Мне в руки попался единственный орешек.
– Ага! – Я глотнул живительного воздуха и поднялся на ноги. – Нашел!
Солдат покосился на сокровище в моей дрожащей руке.
– Ты будешь слушать послание?
– Послание?
Солдат постучал пальцем по лбу. – Оно тут, – сказал он.
– Ну да, почему бы и нет.
Солдат расставил ноги и собрался с мыслями.
– Его светлость Альбрехт Двенадцатый, герцог Фельсегрюндский, к несчастью, болен. Он угасает, увы… – Послание прервалось, дожидаясь следующего куска. – Его верный сын маркиз должен немедленно вернуться в Фельсенгрюнде. Он собирается… – солдат нахмурил брови в тяжком мыслительном усилии, -…покинуть Нюрнберг.

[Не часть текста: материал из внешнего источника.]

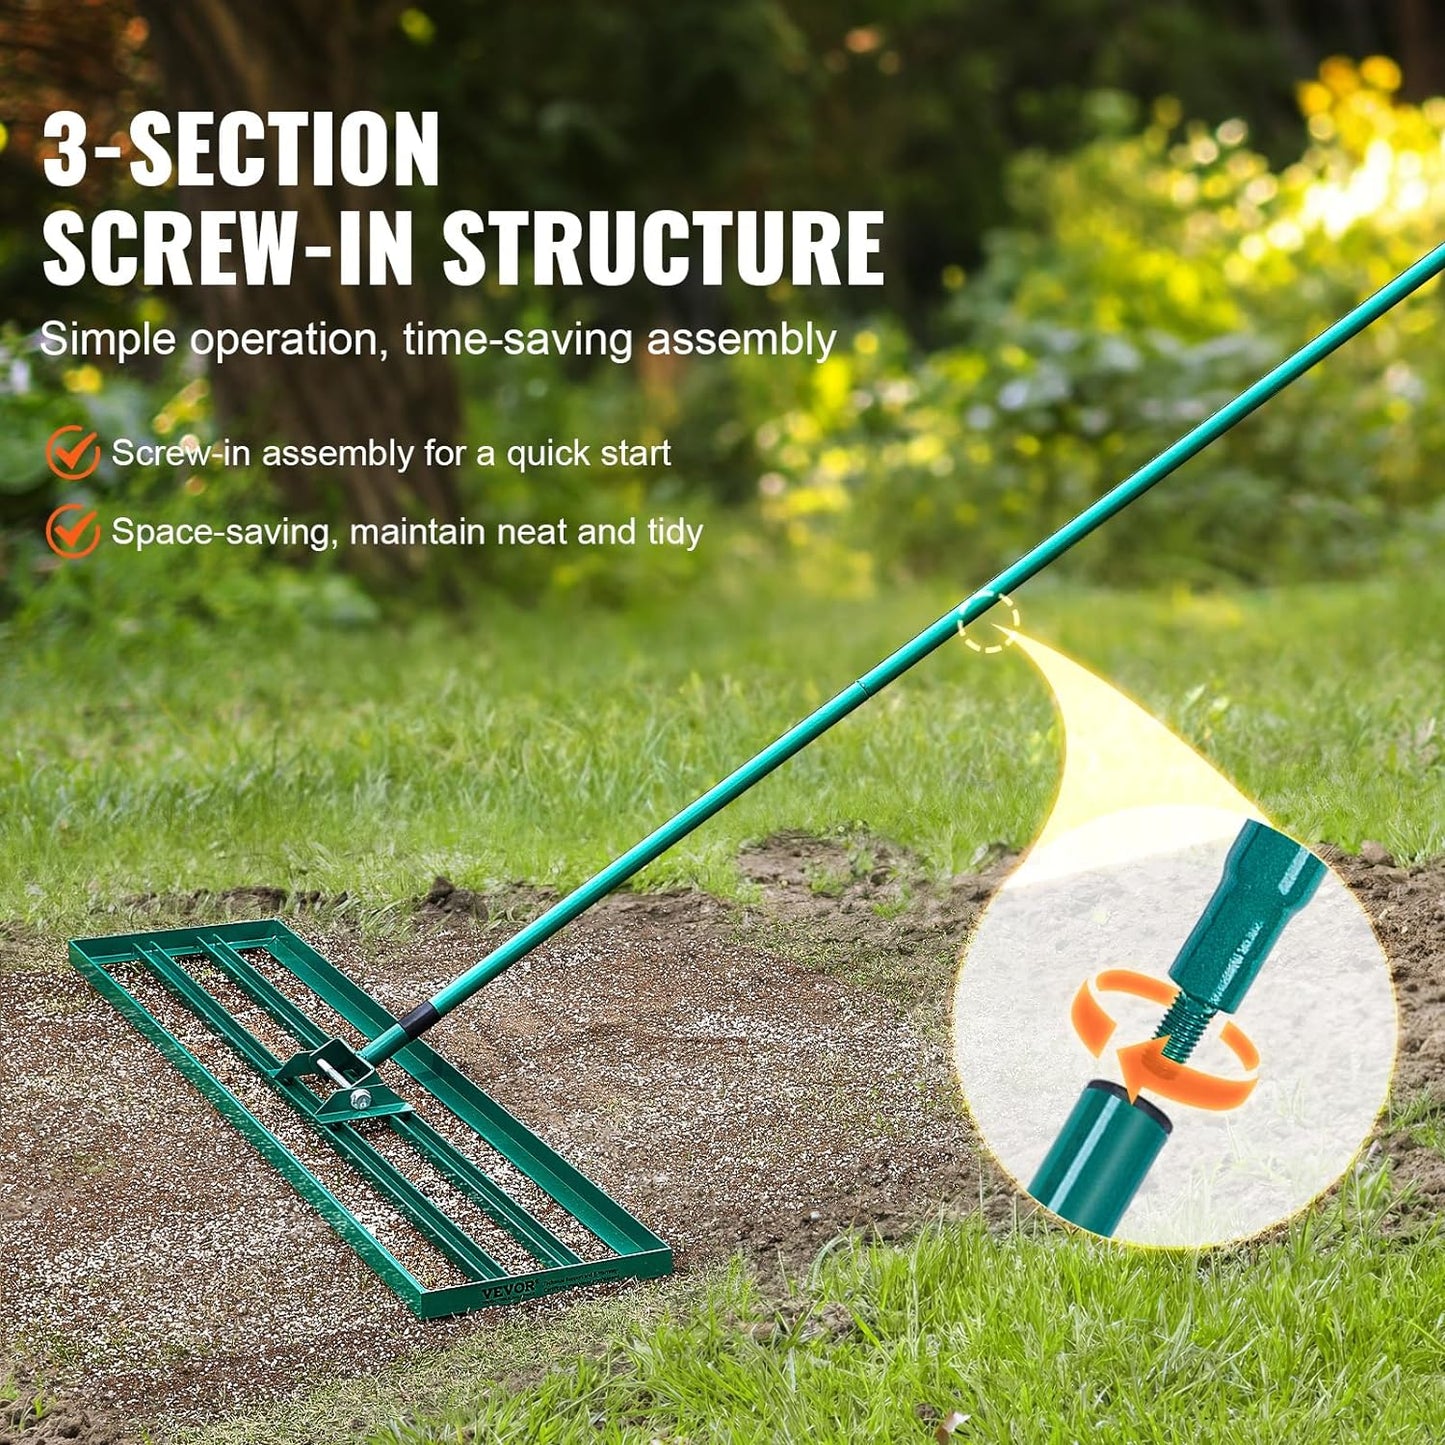 Lawn Leveling Rake, 48"x10" Level Lawn Tool, Heavy-Duty Lawn Leveler with 78" Steel Extended Handle, Yard Leveling Rake Suit for Garden, Golf Lawn, Farm

– Он не едет в Ингольштадт?
– Подожди, это еще не все. Маркиз просит Томаса Сверчка следовать с ним в наше любимое герцогство, где ему будет предложена достойная должность… достойная должность… это все. – Солдат задушевно смотрел на меня. – Непривычное мне поручение. Но граф не доверяет мальчикам на побегушках. Я все правильно сказал?
– Да, отлично.
– Я прилежно учил.
– Хорошо получилось, правда.
– Слышь, тебя правда зовут Сверчок, а? Я пожал плечами.
– Грилле, Грилли. Для настоящих друзей одна гласная – не разговор.

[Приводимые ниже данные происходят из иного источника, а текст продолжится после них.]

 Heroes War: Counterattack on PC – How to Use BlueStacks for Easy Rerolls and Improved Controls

– Мы отправляемся через два дня. Южные ворота, на рассвете. – Солдат потер бока и с пренебрежением посмотрел в сторону моей лачуги. – Тебе нужно будет устроить дела.
– У меня их не так уж и много.
– Ну так денег тебе не понадобится. И питанием тебя обеспечат. Маркиз так сказал. Только возьми инструменты.
– Спасибо, – улыбнулся я. – Обязательно возьму.
10. Фельсенгрюнде
Мы не успевали посетить Мюнхен. Вместо этого мы направили лошадей на запад. Я цеплялся за пояс солдата и бился о злосчастную кромку его седла, но не решался возражать против такой спешки; Мориц фон Винкельбах стремился увидеть свое отражение в еще живых глазах своего господина – чтобы почтить отца прежде, чем его странный сын водрузит свое рыхлое тело на герцогский трон. Альбрехт, со своей стороны, спрятался за мрачной маской и ехал, погруженный в себя, прижимаясь щекой к лошадиной гриве.
Когда мы останавливались в гостиницах, мне приходилось делить кровать с незнакомцами (которых отнюдь не радовала перспектива заиметь гнома под боком), а маркиз с сопровождающими наслаждался комфортом. На рассвете, в кудахтающих дворах, где зевали и потягивались собаки, я пытался втереться в доверие к графу Винкельбаху. Ожидая снискать его одобрение, я был готов исполнить любое его поручение; но их не последовало, и еще прежде, чем мы доехали до Аугсбурга, я уже понял, что он всегда будет меня презирать.
На постоялом дворе нас ждало письмо от брата графа Винкельбаха. Альбрехт разыскал меня и сообщил, что состояние его отца стабилизировалось.
– Это ободряющая новость, – сказал я. – И ей несколько дней – может, сейчас ему стало лучше.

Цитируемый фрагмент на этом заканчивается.